There may well be cases in which the proper measures of loss for a solicitor's negligence in a conveyancing transaction is indeed the diminution of value of the property. However it cannot be said, on the Scottish authorities that there is a presumption that this will be so, or even that it is a starting point. It will depend on the facts and circumstances of the case.

[37] So what is the correct measure of damages in this case? As Clarke J observed in Kelleher v O'Connor it is necessary to analyse the contractual obligations which have been breached.

"A solicitor does not contract with her client that she will not procure for that client a successful conclusion of a conveyancing contract. Rather the solicitor contracts with her client that she will carry out a proper professional job on the conveyancing transaction. Depending on the circumstances that may lead to the solicitor advising the relevant client not to proceed at all are only to proceed provided certain assurances or terms can be imposed or the like". (p.39 paragraph 9).
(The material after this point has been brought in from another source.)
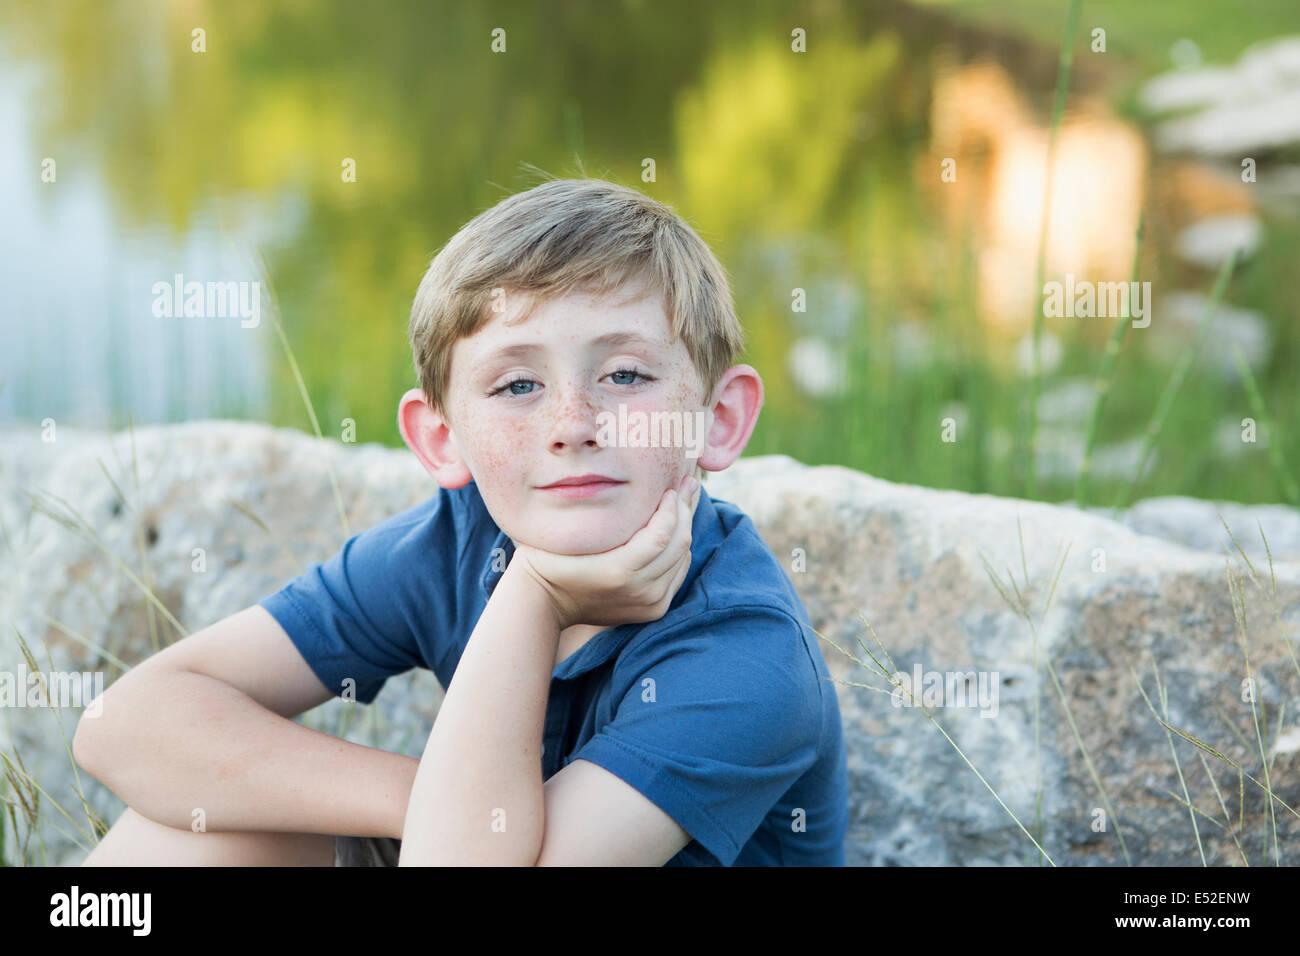 Cabeza y hombros retrato de un joven sentado con la barbilla descansando sobre su mano. Imagen De Stock
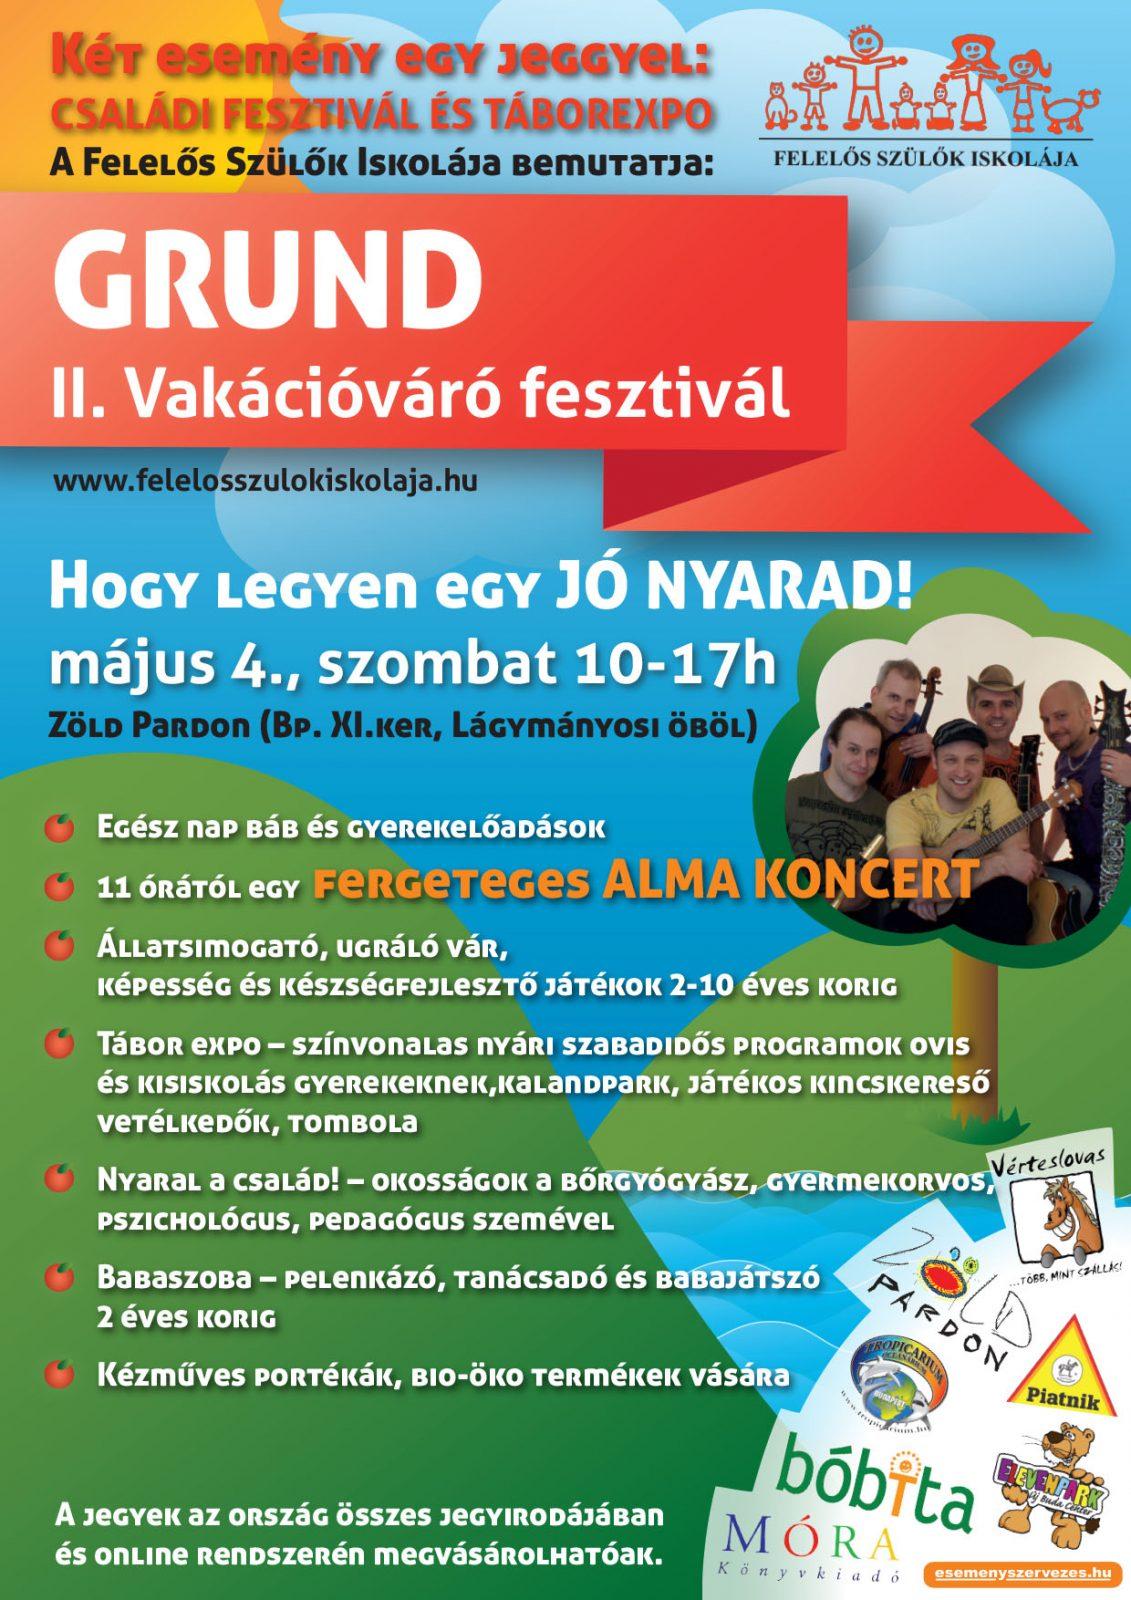 GRUND II. Vakációváró fesztivál

[38] There is no doubt that the solicitors were under a duty to inform the pursuers of the qualification contained in the letter of 23 March 2007. In not doing so they were in breach of the term of the contract that the solicitor would use the knowledge, skill and care of a reasonably competent firm of solicitors providing conveyancing legal services. The issue is what that duty entails. It is not merely advising the pursuers of the terms of the qualifications in the letter. Depending on what these qualifications are they must then go on and offer advice to the clients, in this the pursuers, as to the implication of the qualifications, and take their instructions. In some cases the advice may be that the qualifications are acceptable. In other cases it may be that the solicitors should advise that they revert to the seller's solicitors and attempt to have the particular qualification amended or removed. In other cases the advice will be not to continue with the purchase.

[39] So far as the client is concerned he or she may take the advice, or reject it. The client may say to a solicitor who advises that a modification to a condition may be accepted that he or she does not accept it and instruct the solicitor not to conclude missives. On the other hand the client may instruct a solicitor to conclude a bargain in the face of advice not to do so. That is the client's prerogative. So long as the client is properly advised the solicitors have fulfilled the terms of the contract to the client.

[40] Where solicitors are in breach of an implied term to use the knowledge, skill and care of a reasonably competent firm of solicitors providing conveyancing legal services, it is necessary to see what the consequences are for the client. That will depend on the extent and scope of the breach.

[41] Where, as here, it is a failure to advice on modifications to conditions in an offer to purchase it is necessary to identify these modifications, narrate the advice that might reasonably be expected from a reasonably competent firm of solicitors providing legal services and the action that might have been taken in respect of such advice. Then the court will be able to approach the issue of damages which flows from the breach.

[42] In this case no attempt is made to identify the modification or modifications which caused a problem to the pursuers, the advice that might have been expected to have been given, the pursuers' attitude to such advice or the loss that they incurred as a result.

[43] Instead all that the pursuers have provided is a schedule of expenditure with no attempt to relate these to any of the conditions or modifications thereto in the missives. The pursuers do not offer to prove that any of the items of expenditure in the schedule arose as a result of the deletion of a condition of the offer contained in the qualified acceptance of 23 March. In the absence of such averments there is nothing to demonstrate how any of these items of expenditure flow from the firm's alleged breach of duty. Accordingly I will sustain the first and second pleas in law for the defenders and dismiss the action.